Augment Code’s pricing is unsustainable

[-]

grauenwolf@reddit (OP)

The user message model also isn’t sustainable for Augment Code as a business. For example, over the last 30 days, a user on our $250 Max plan has issued 335 requests per hour, every hour, for 30 days, and is approaching $15,000 per month in cost to Augment Code. This sort of use isn’t inherently bad, but as a business, we have to price our service in accordance with our costs.

[-]

grauenwolf@reddit (OP)

And keep in mind that newer models generally mean higher costs.

[-]

Mysterious-Rent7233@reddit

And keep in mind that newer models generally mean higher costs.

GPT 3 (Davinci) cost 0.02/1000 = $20.00 / M tokens

gpt-4-0125-preview = $10.00 / million

gpt-5: $1.25 / million

[-]

grauenwolf@reddit (OP)

Input price (per 1M)

GPT-4.1 $2.00

GPT-5 Chat $1.25

Output price (per 1M)

GPT-4.1 $8.00

GPT-5 Chat $10.00

https://langcopilot.com/gpt-4.1-vs-gpt-5-pricing

And as others have pointed out, the newer versions use far more tokens.

[-]

Mysterious-Rent7233@reddit

You are comparing the 2025 costs of two models released in 2025. Why? Are you just hoping that readers will be too dumb to notice?

We are asking about the pricing OVER TIME.

"When GPT-4 was released, it came with a high price—$60 per million tokens for output and $30 per million tokens for input.

https://www.nebuly.com/blog/openai-gpt-4-api-pricing#:\~:text=March%202023:%20GPT%2D4%20Launch,2024:%20GPT%2D4o%20Price%20Cut

"Overall, both models (GPT-3.x and Embeddings) saw a 95% drop since December 2022!"

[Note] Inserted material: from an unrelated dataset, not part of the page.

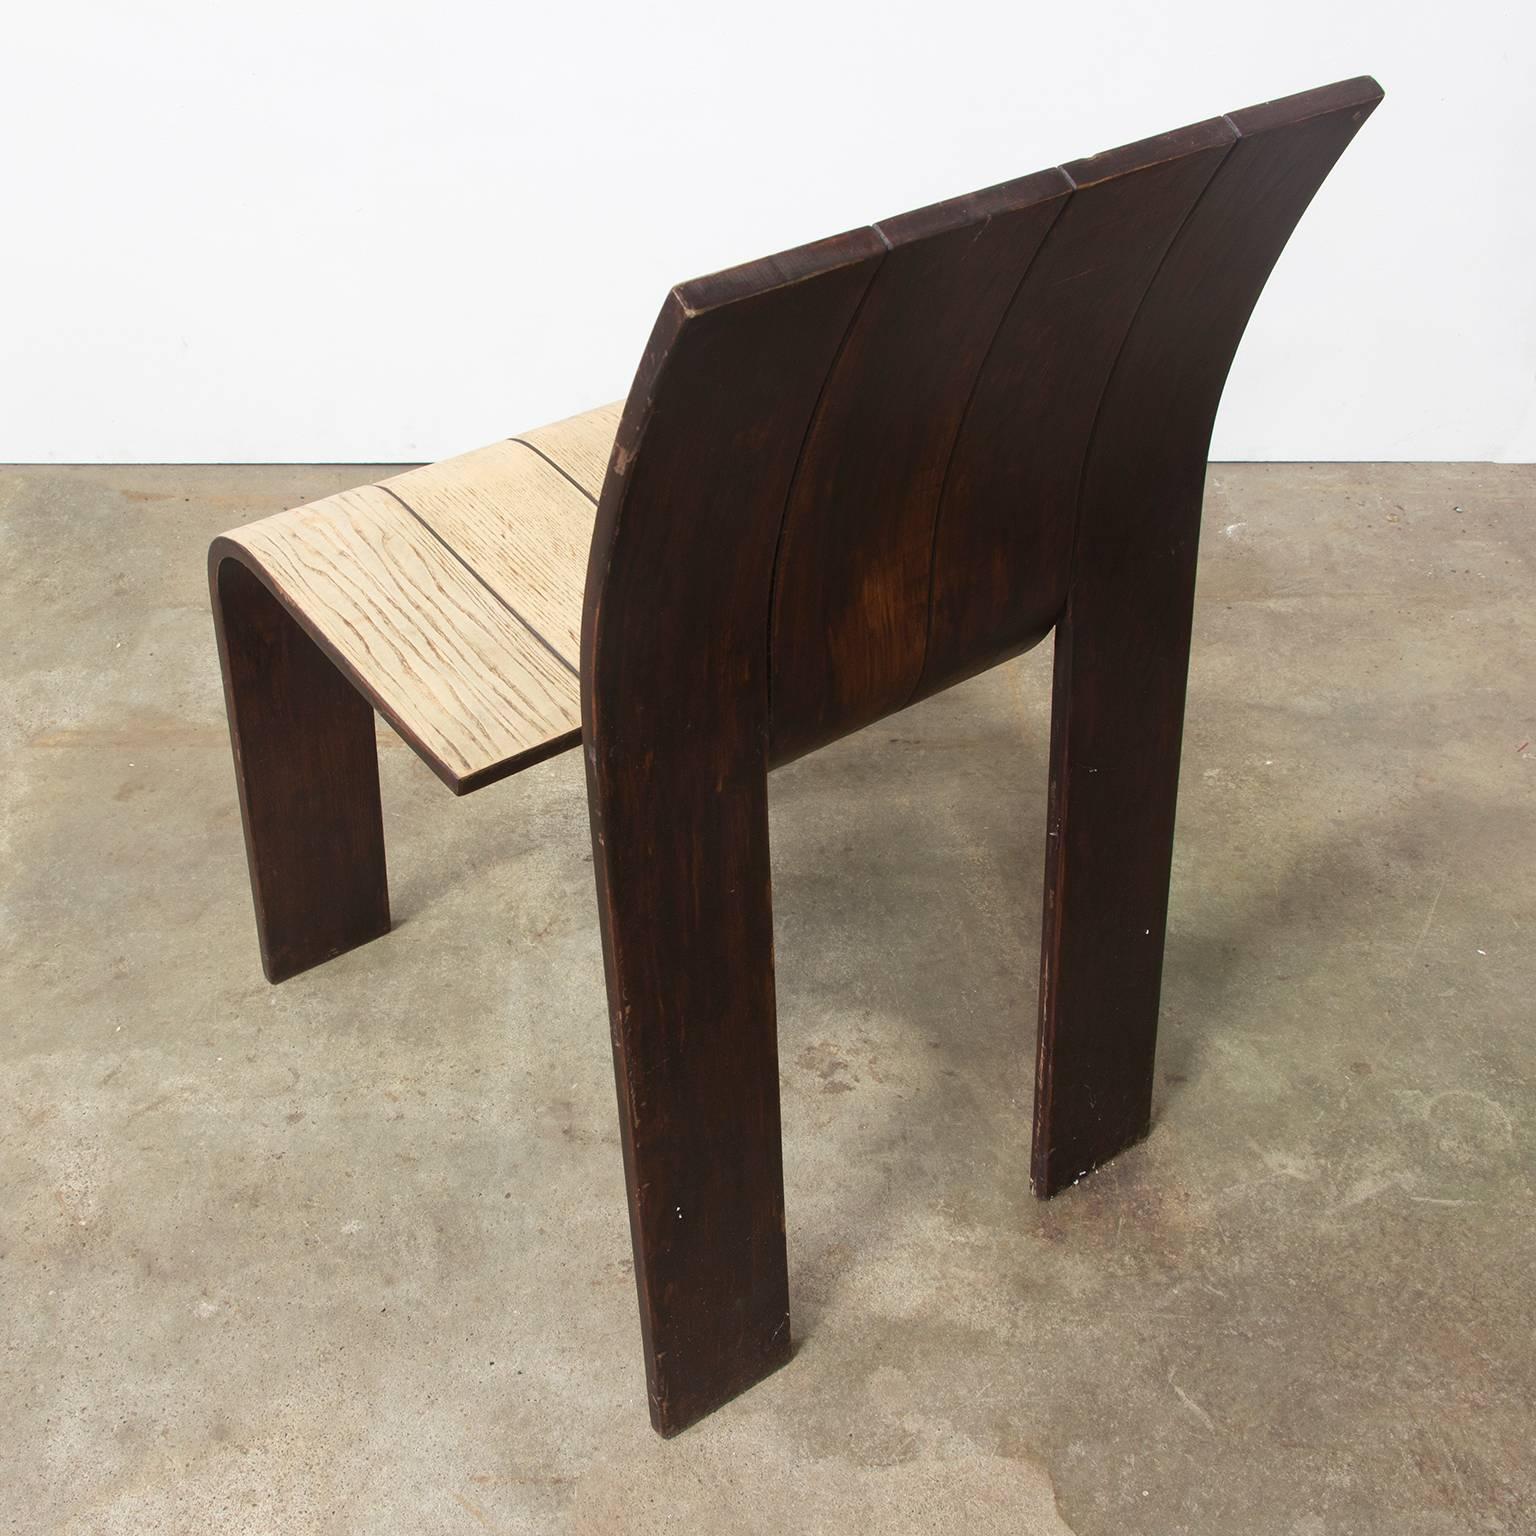 Fin du 20e siècle Chaise à rayures empilable en bois plié et en partie verni de Gijs Bakker, Castelijn, 1974

https://medium.com/@boredgeeksociety/openai-model-pricing-drops-by-95-3a31ab0e04e6

In general, I am fascinated what drives you to be so passionate about AI as to want to spread lies about it. Do you think that you're somehow going to defeat it in the marketplace by doing so? Does clouding your own understanding of the technology advance some actual goal you have?

I have many concerns about AI myself, but decided a few years ago that the best thing to do about that was to understand it deeply and therefore be able to make rational and knowledgable decisions about it.

[-]

grauenwolf@reddit (OP)

You are literally trying to tell us that prices are going down in response to an article about how prices are going up so much that they have to change their business model.

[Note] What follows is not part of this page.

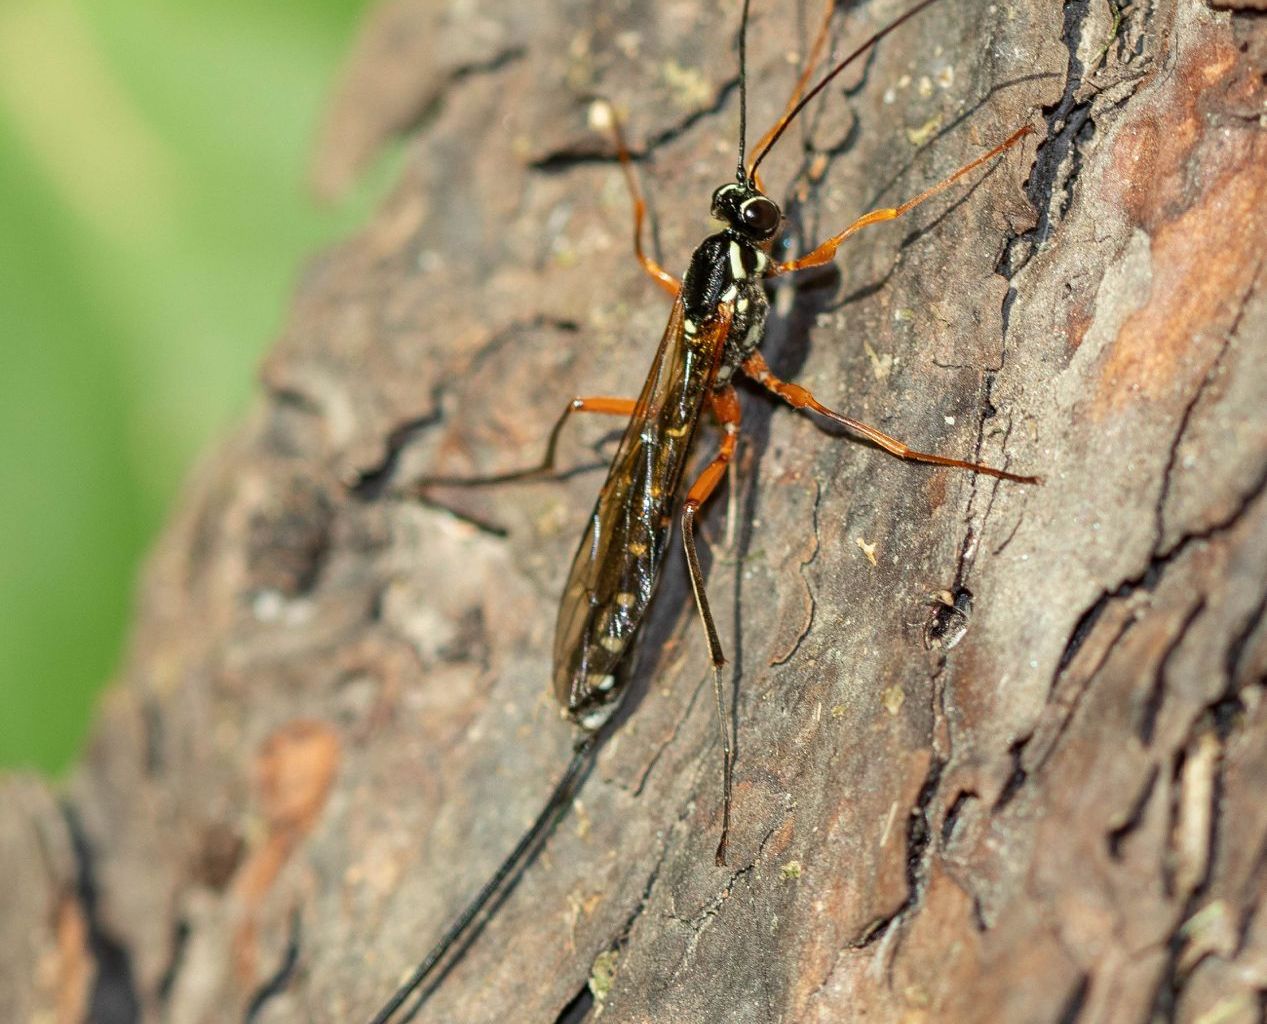 Rhyssa persuasoria (Sabre wasp)

An actual costs were going down then companies like OpenAI would be shouting about it from the rooftops.

You are comparing the 2025 costs of two models released in 2025. Why?

To demonstrate that the new model is not more efficient than the old model in terms of price per token. I'm comparing two models, not the pricing subsidies of last year versus this year.

[-]

Mysterious-Rent7233@reddit

You are literally trying to tell us that prices are going down in response to an article about how prices are going up so much that they have to change their business model.

Liar. Please quote any words of the Augument AI section that says that their costs have gone up.

The only thing that they said that relates at all to "new models" versus "old ones" is:

State of the art reasoning models are increasingly designed to stop and ask clarifying questions, effectively penalizing customers because they consume more messages despite achieving a better, more aligned outcome.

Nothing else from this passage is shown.